Но в это не верилось — здесь их еще не было. И как раз в тот день, когда они выбрались в город, и в местечко на двух больших грузовиках прибыли завоеватели. По тому, как они хозяйничали, стало ясно, что город, железная дорога, районный центр в их руках, а эти, что приехали сюда, были уверены, что здесь, в этом заброшенном местечке, им придется не воевать, а только устанавливать «новый порядок».
Немолодой круглолицый немец уставил водянистые глаза в толпу молчаливых, настороженных жителей и, покачиваясь — то вперед, то назад,— непослушным с похмелья языком произнес такую речь:
— Русский комиссар — гут? Немецкий комиссар — шлехт? Фэрдамт нох маль!
Учительница тронула Веру за локоть — да, после такой речи надо было бежать отсюда, искать своих, хоть кого-нибудь. В городе все же лучше, а в этой глуши все в руках пьяного ефрейтора. Позже Вера убедилась в своей наивности: «новый порядок» всюду одинаков — что в городе, что в местечке. Но тогда была надежда — может, и Наум в городе? Теперь же и эта надежда развеялась прахом.
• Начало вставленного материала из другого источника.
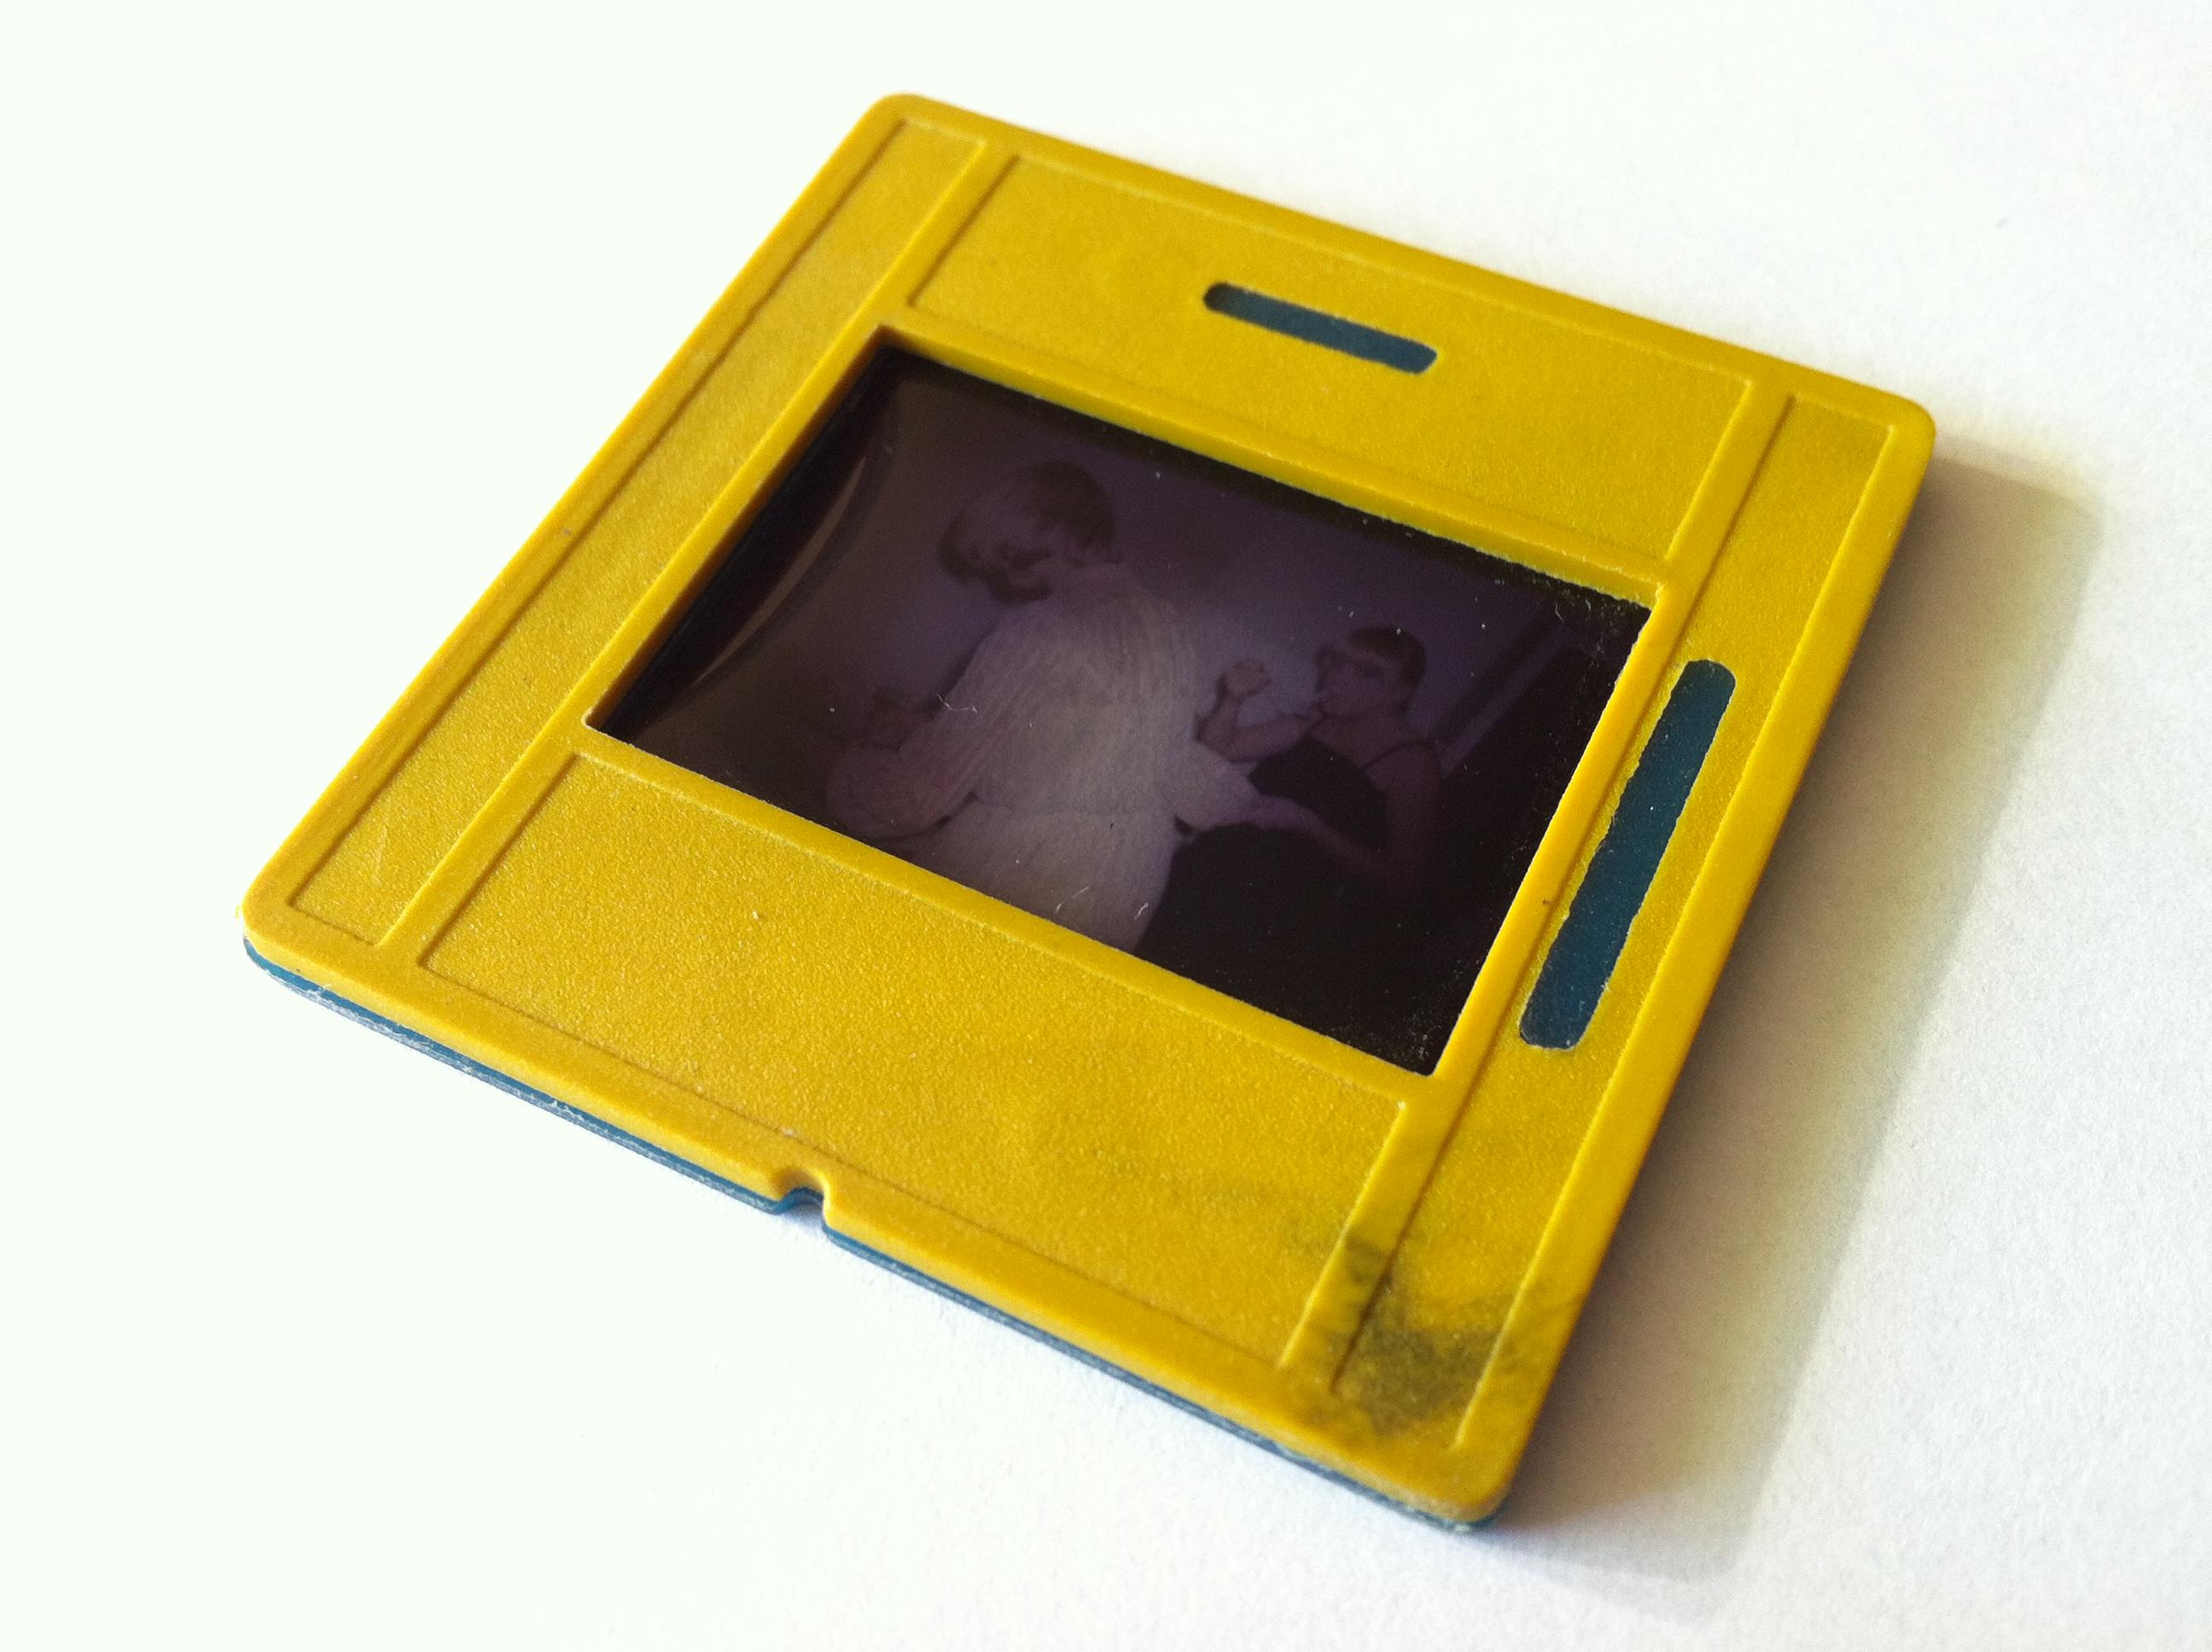 Slajd 35mm w plastikowej ramce

В пыльно-синих сумерках лежит разрушенный, изуродованный черными «мессершмиттами» город — ни огонька, ни звука... В этой тяжелой, как бы придавленной немоте — вдруг резкий скрип. Что это — открылись двери? Да, на лестнице! Неизвестно откуда взявшиеся силы поднимают Веру на ноги, она выбегает из квартиры. Нет, она не оглохла — слышит, как ее собственные шаги отдаются в пустых комнатах. И, чтобы подбодрить себя, она говорит громко:
— Как же я не догадалась раньше! Ну, конечно, Шац знают, был ли здесь Наум.
И она не идет — бежит к соседям.
III
На столе свечка. Она отгорожена книгой, чтобы свет не падал в окно. Перед столом — какой-то человек. В креcле, как обычно, старуха Шац. Ни Бориса, ни Мирры. Человек смотрит на Веру черными кругами: при таком освещении глаз не видно, лицо кажется слепым. Но Вера чувствует пристальный, настороженный взгляд.
— Где Борис? Где Мирра? — бросается она к старухе Шац, опускается на пол перед нею и, когда та начинает гладить своей сухой рукой ее волосы, дает волю слезам. Теперь она плачет громко, как плачут дети.
— Лазарь, дай воды,— говорит старуха,— там, за ширмой, ведро.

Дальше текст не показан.